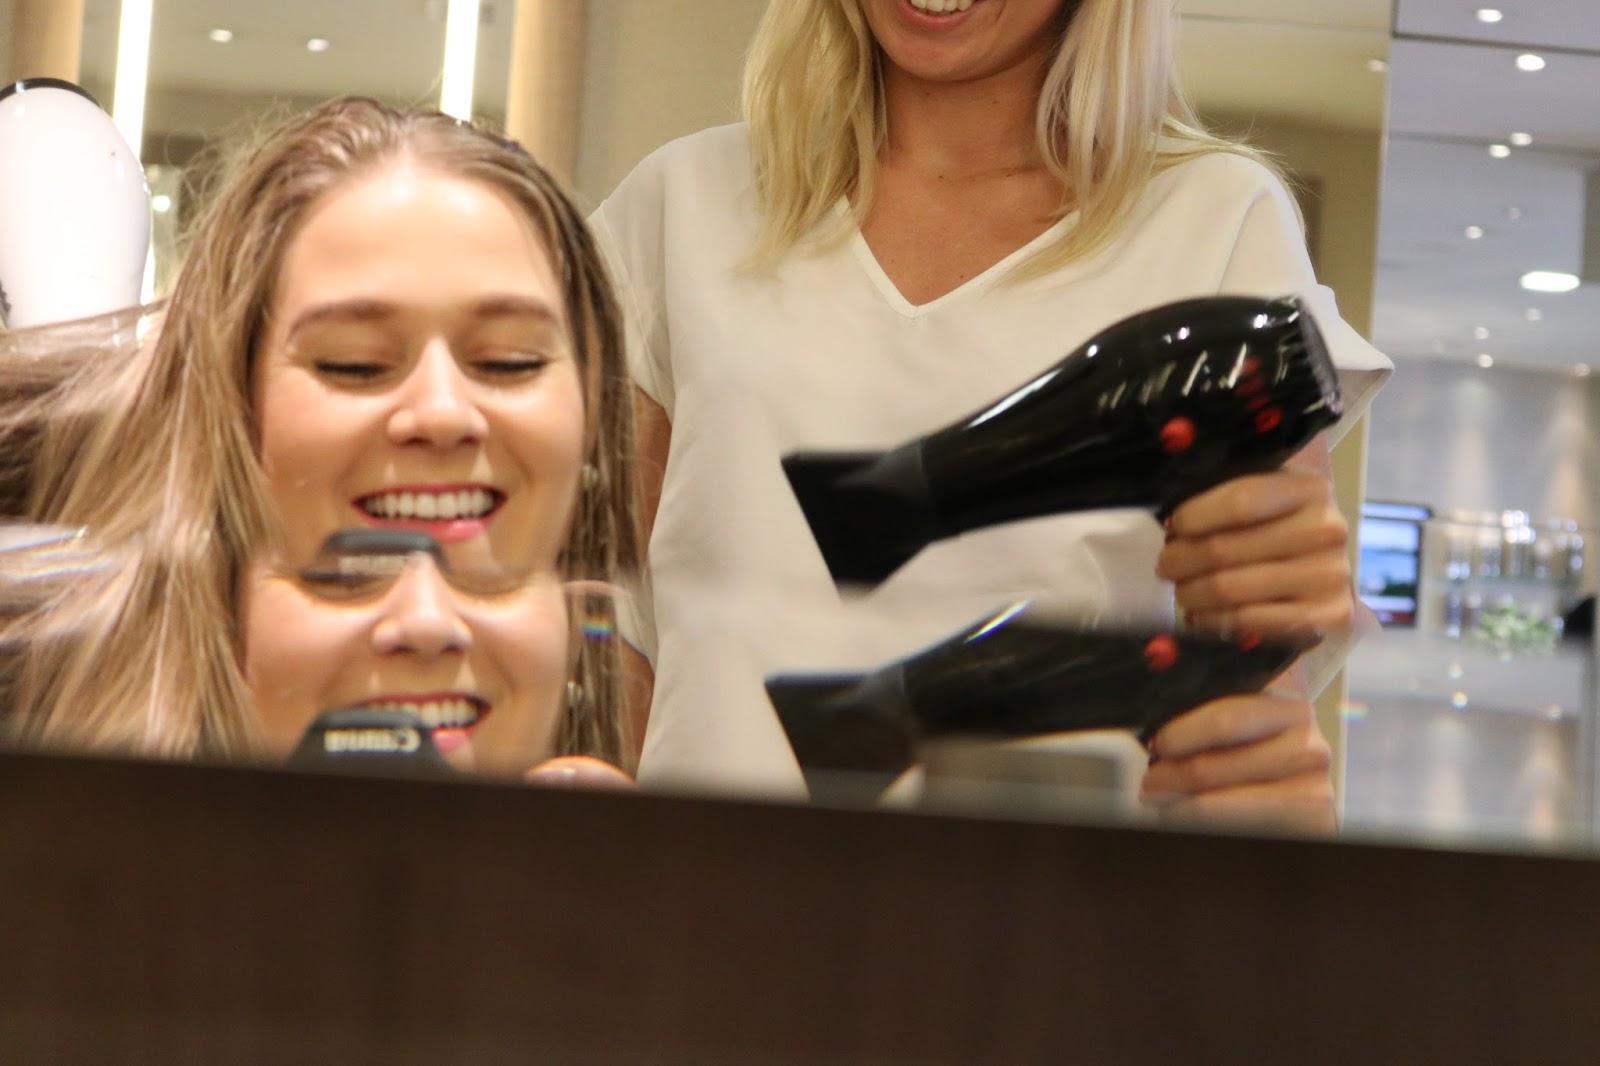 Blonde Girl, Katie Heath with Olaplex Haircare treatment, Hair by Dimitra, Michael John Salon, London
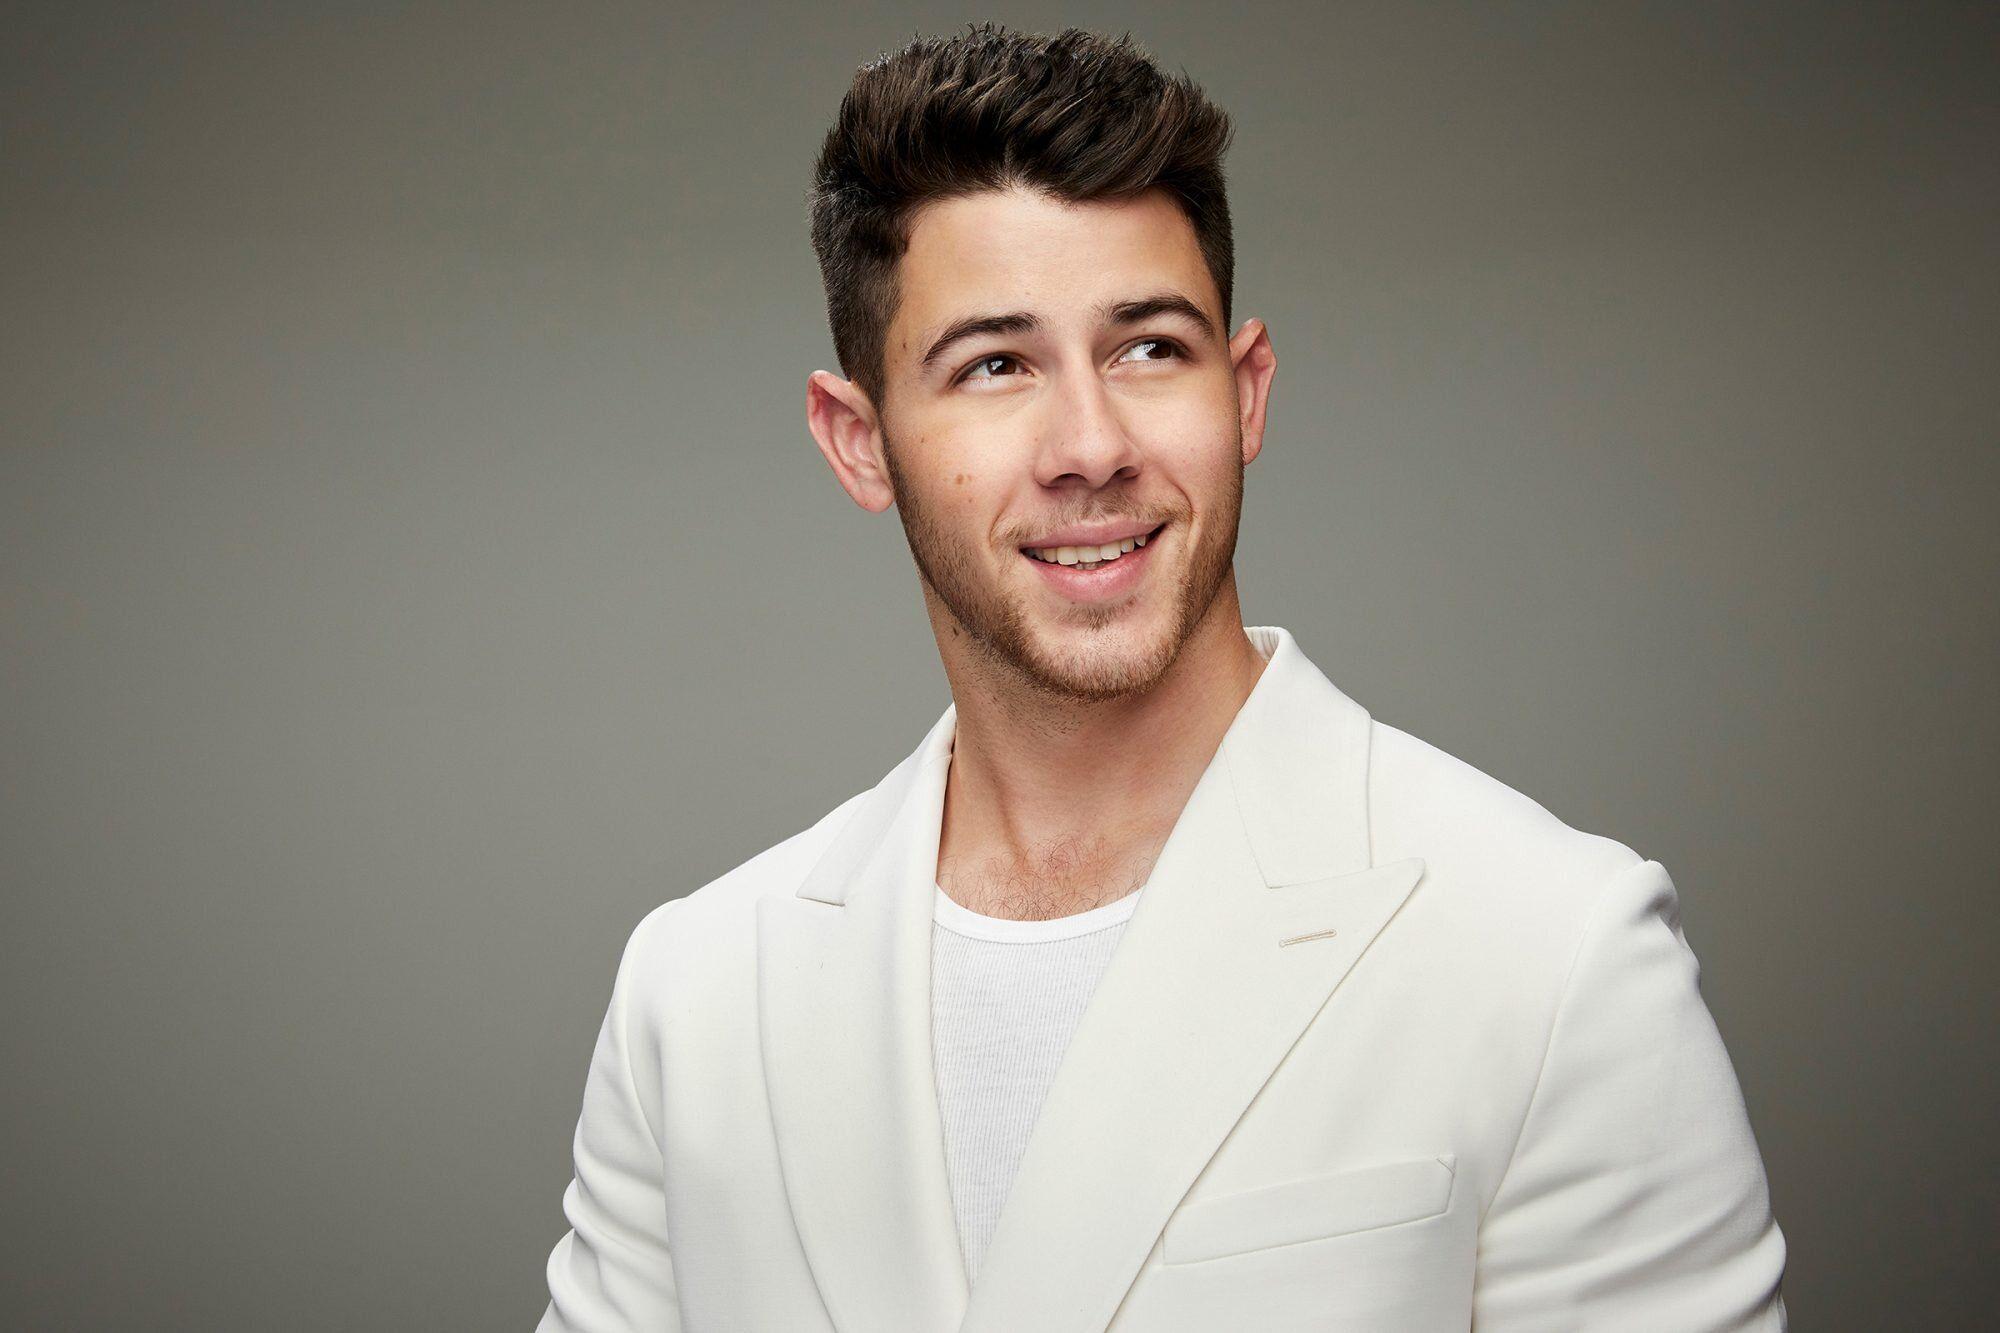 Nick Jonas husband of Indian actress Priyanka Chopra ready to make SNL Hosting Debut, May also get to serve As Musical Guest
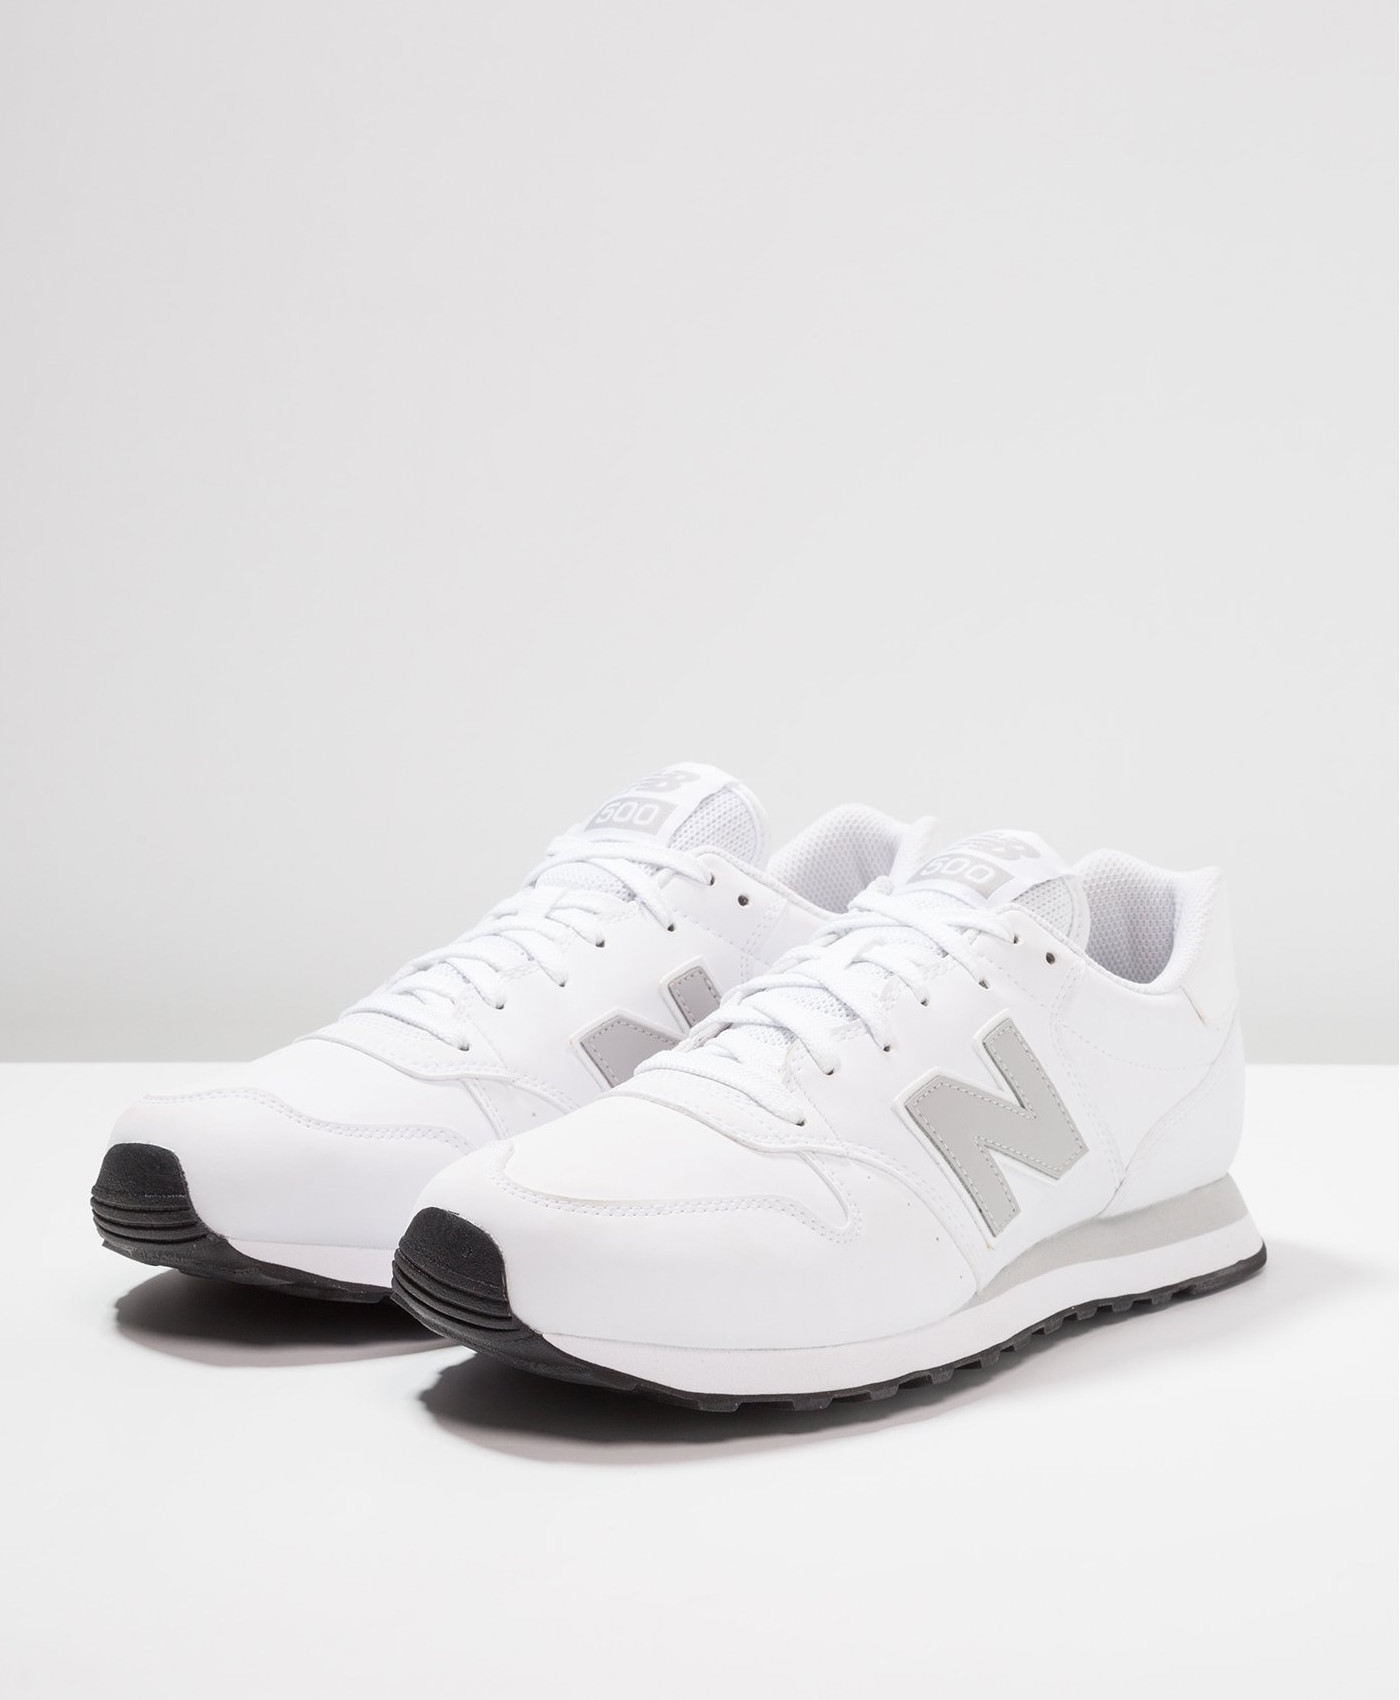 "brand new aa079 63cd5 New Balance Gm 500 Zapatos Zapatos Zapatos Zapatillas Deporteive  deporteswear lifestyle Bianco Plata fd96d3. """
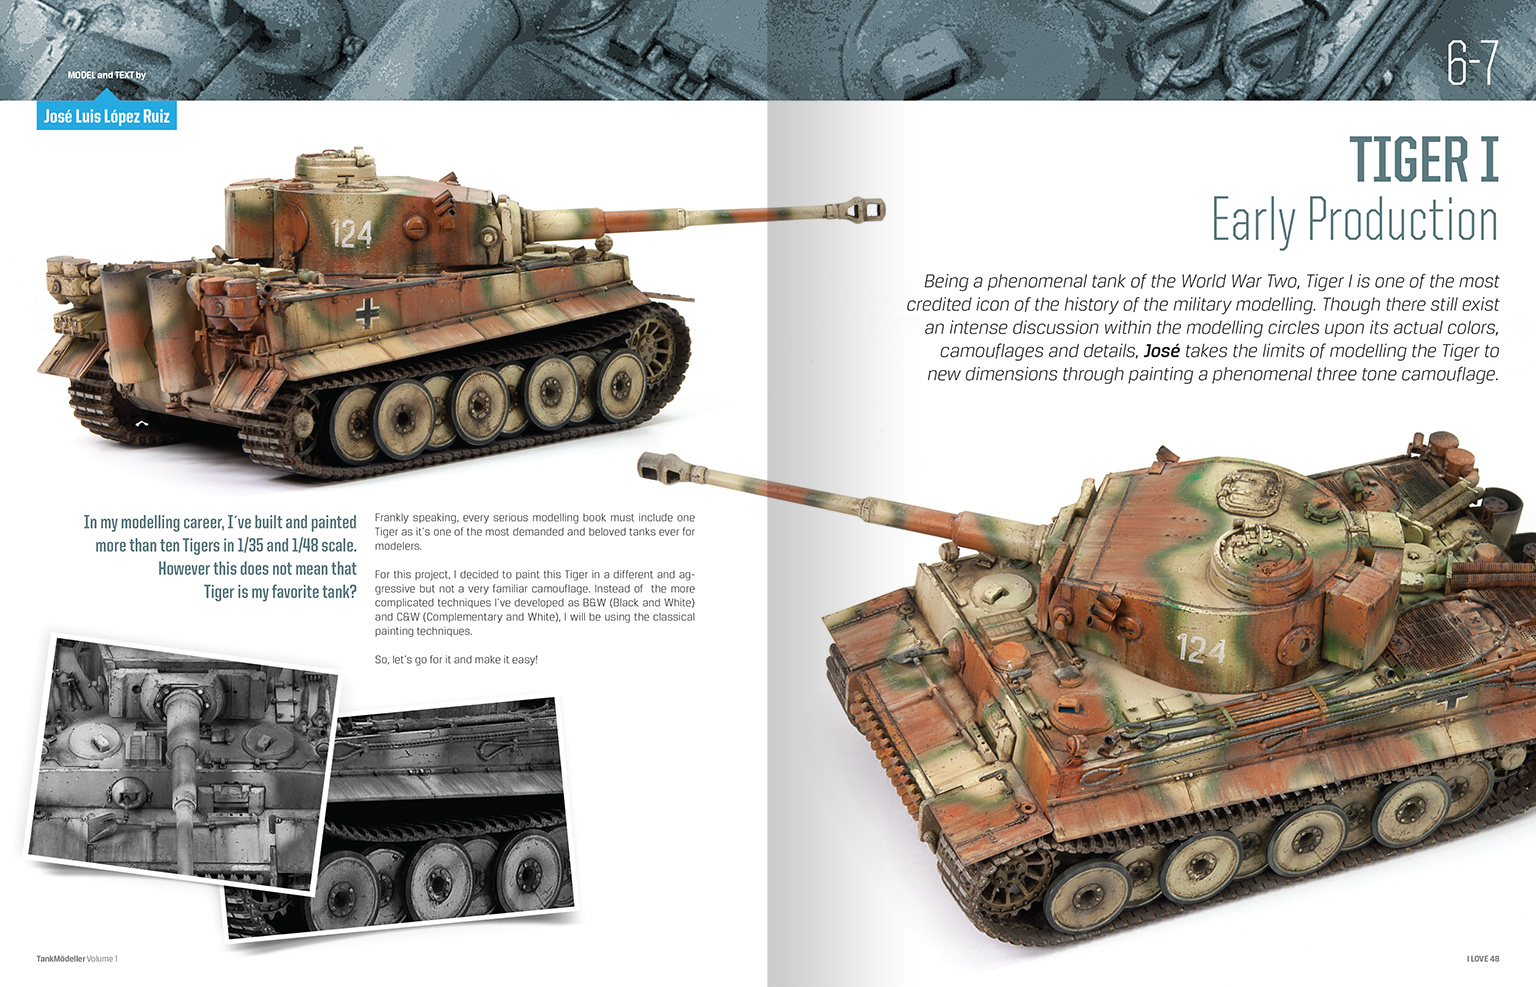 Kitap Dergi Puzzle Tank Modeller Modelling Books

## [Instructions for the task]
Write out the data word for word. Any picture is to be skipped.

## [The answer]
 Blonde Girl, Katie Heath with Olaplex Haircare treatment, Hair by Dimitra, Michael John Salon, London
 Nick Jonas husband of Indian actress Priyanka Chopra ready to make SNL Hosting Debut, May also get to serve As Musical Guest
 "brand new aa079 63cd5 New Balance Gm 500 Zapatos Zapatos Zapatos Zapatillas Deporteive  deporteswear lifestyle Bianco Plata fd96d3. """
 Kitap Dergi Puzzle Tank Modeller Modelling Books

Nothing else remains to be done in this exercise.